The Inspector General's Travel:

Another issue that persistently surfaced during our review was 
perceptions of the propriety of the Inspector General's business 
travel. As the head of a large organization with offices nationwide, 
the Inspector General is entitled--and expected--to periodically visit 
these offices to provide oversight, guidance, and support to her staff. 
In addition, the Inspector General may engage in other business-related 
travel, such as attending conferences and meeting with provider 
organizations and other external groups. Inspectors general--like other 
government employees--are not prohibited from planning personal travel 
in conjunction with their business trips. However, we spoke with 
current and former inspectors general from other federal agencies, and 
they told us that they generally refrain from including personal travel 
with their business trips for fear of raising suspicion about their 
motivation or integrity.
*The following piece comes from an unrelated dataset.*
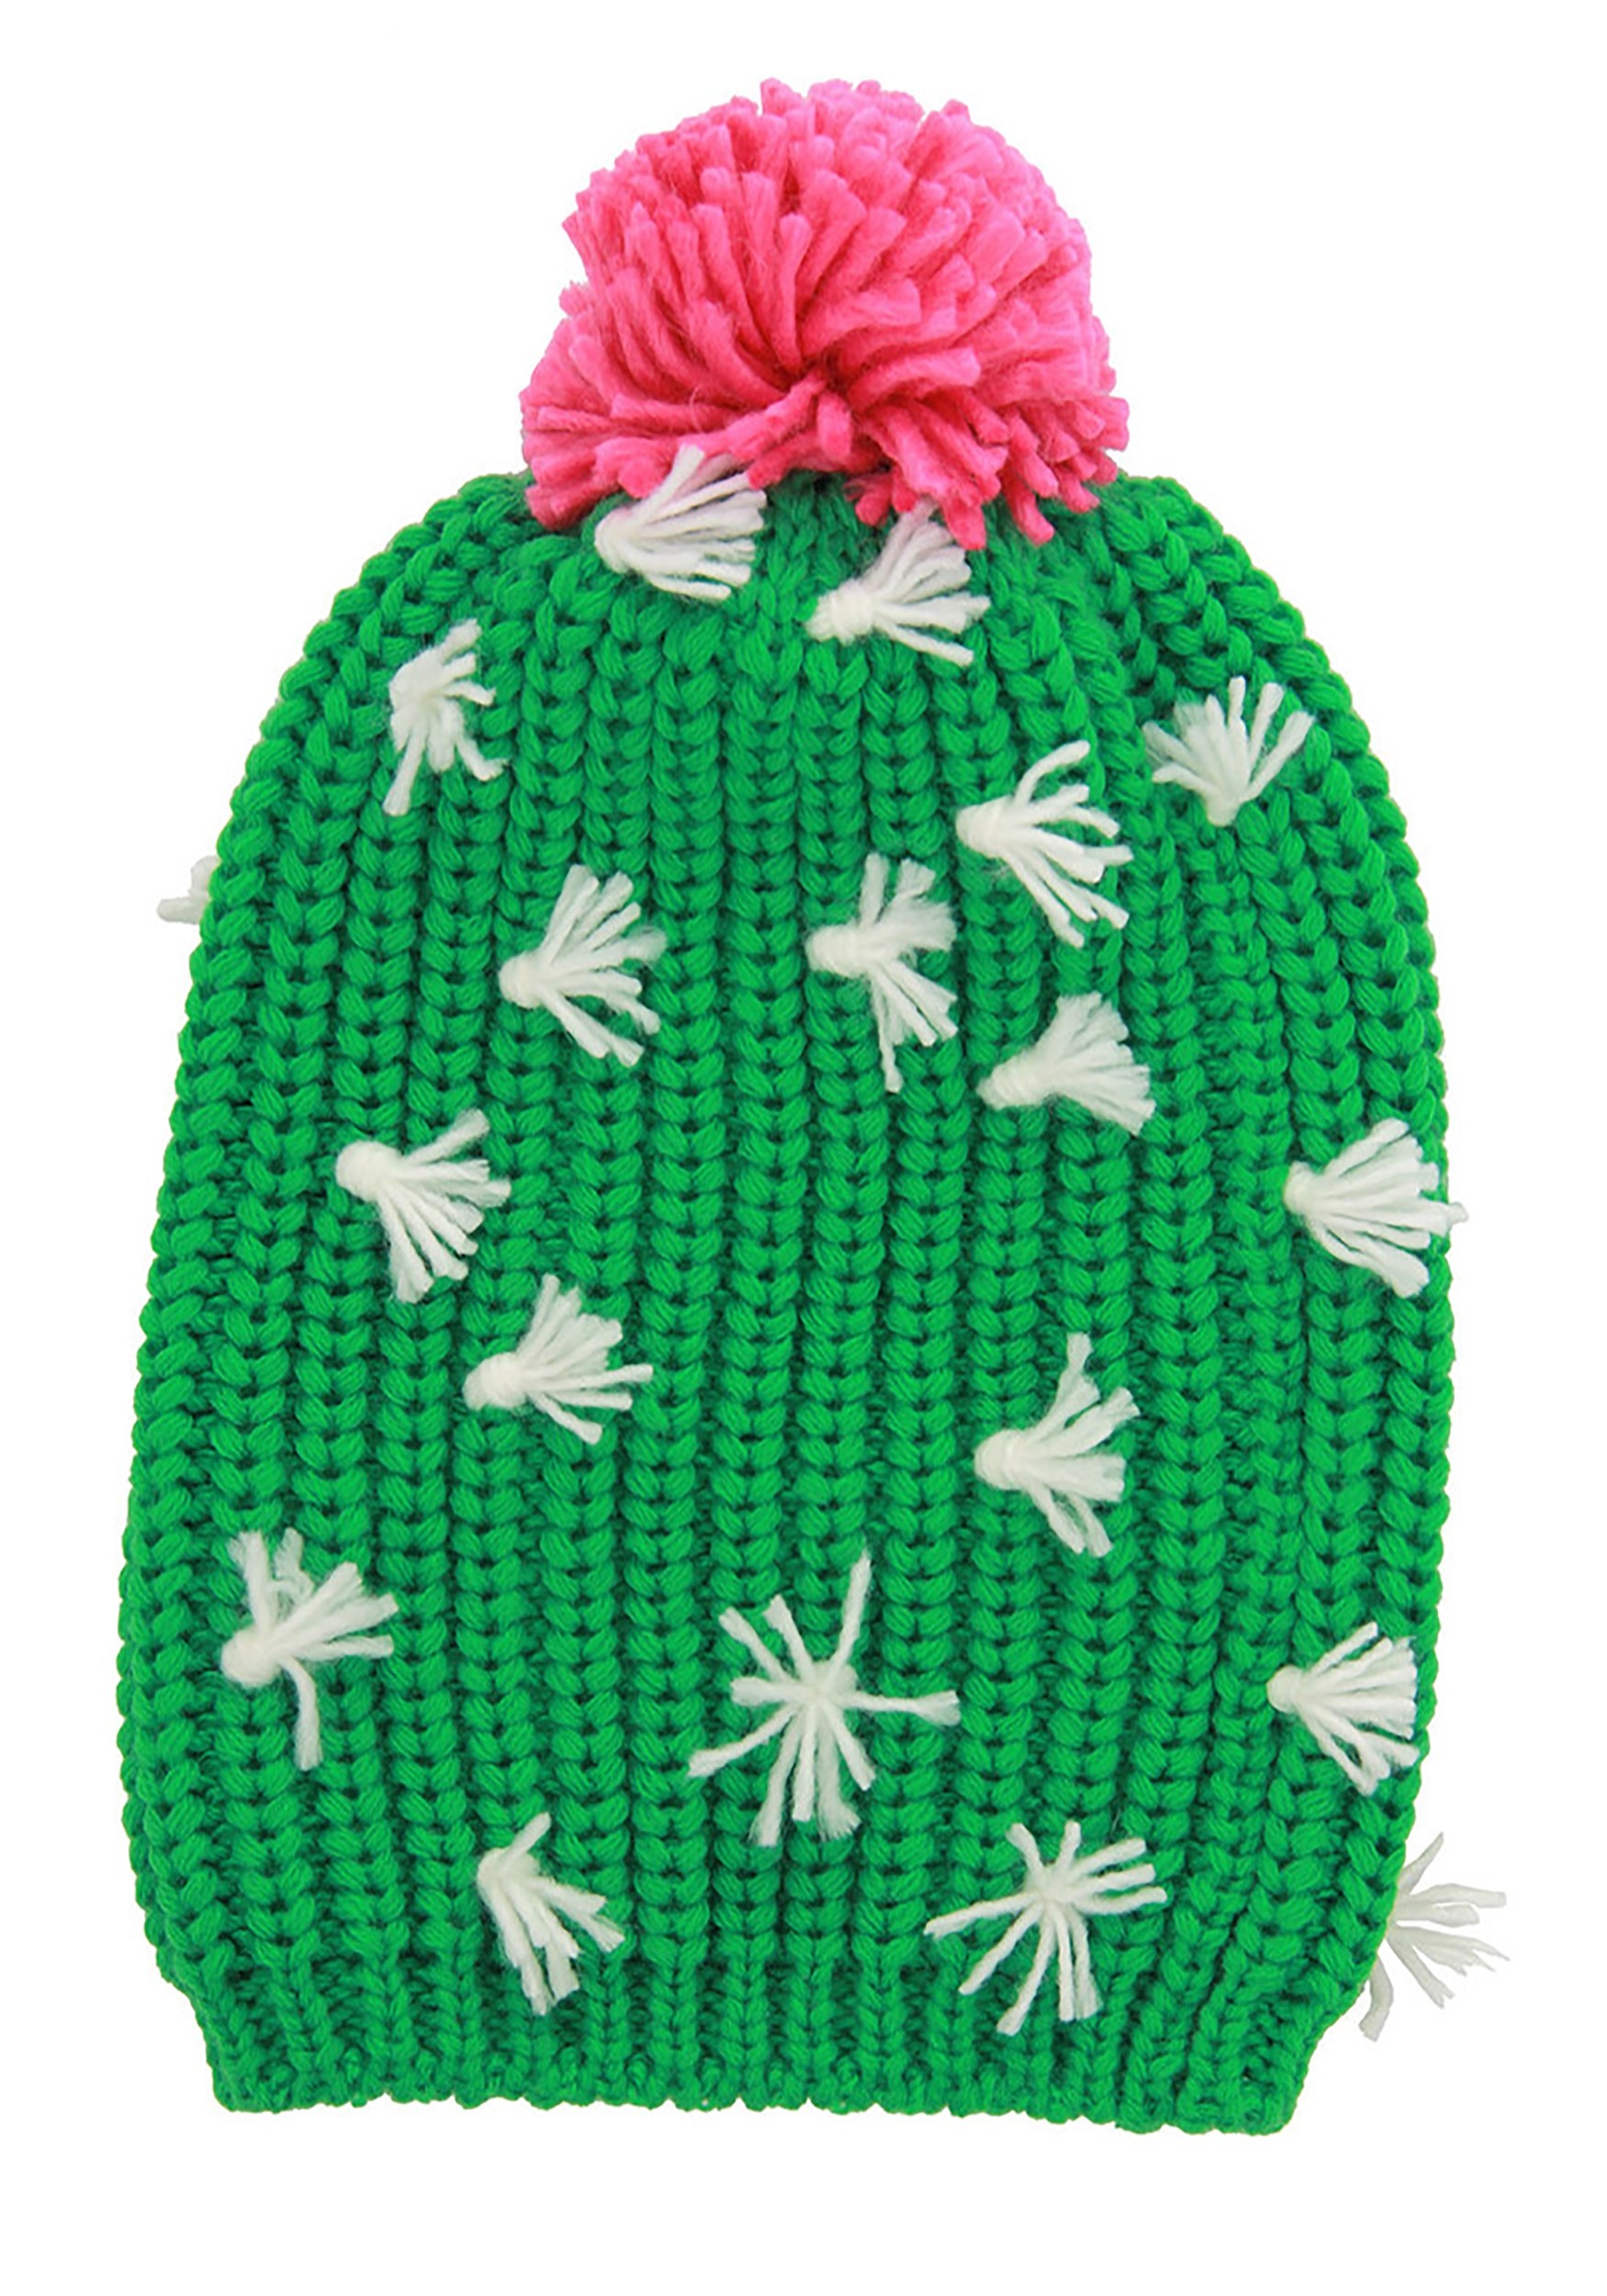 Adult Knit Cactus Slouch Beanie , Adult Beanie
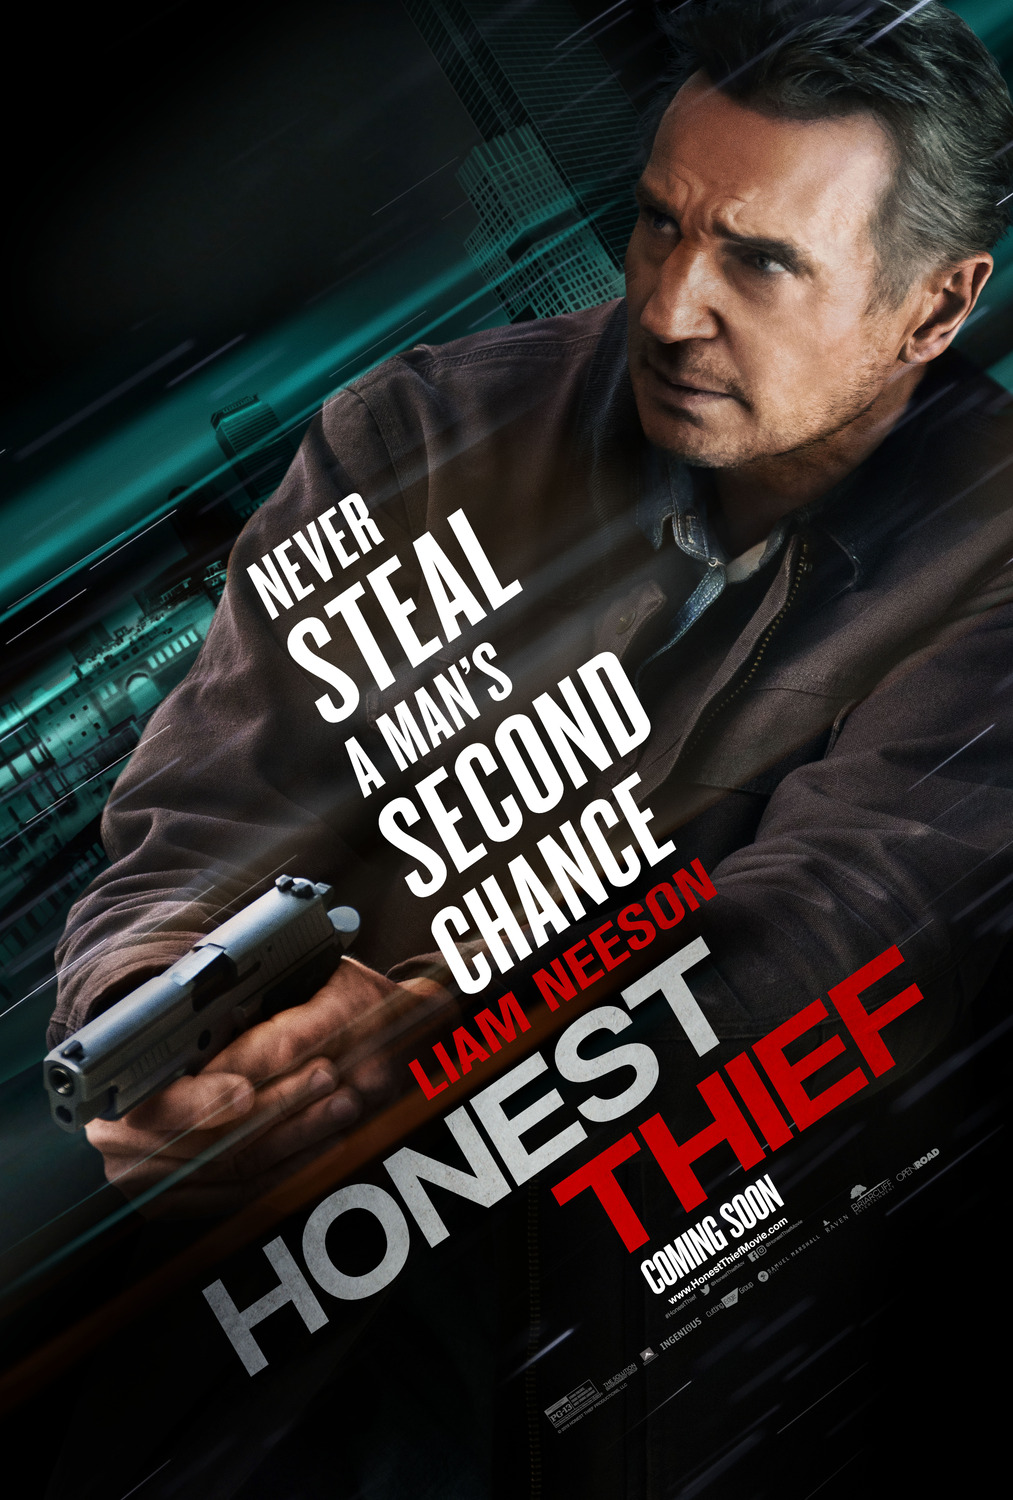 The Honest Thief poster starring Liam Neeson

While no one alleged that the Inspector 
General violated travel regulations, some current and former officials 
questioned her motivation for planning certain trips that included a 
personal element, such as sightseeing activities--sometimes with two 
senior OIG managers.

To better understand the purpose of the Inspector General's travel, we 
examined all of the documentation related to her trips, including 
travel orders, vouchers, and detailed itineraries prepared by her 
office. We found that during the first 4 months of the Inspector 
General's tenure she took four trips outside of the Washington D.C. 
area. None of these trips included a personal element or any 
companions. However, over the next 12 months, the Inspector General 
traveled eight more times and included personal activities on half of 
these trips. In addition, she invited one or two senior managers to 
accompany her on six of these eight trips.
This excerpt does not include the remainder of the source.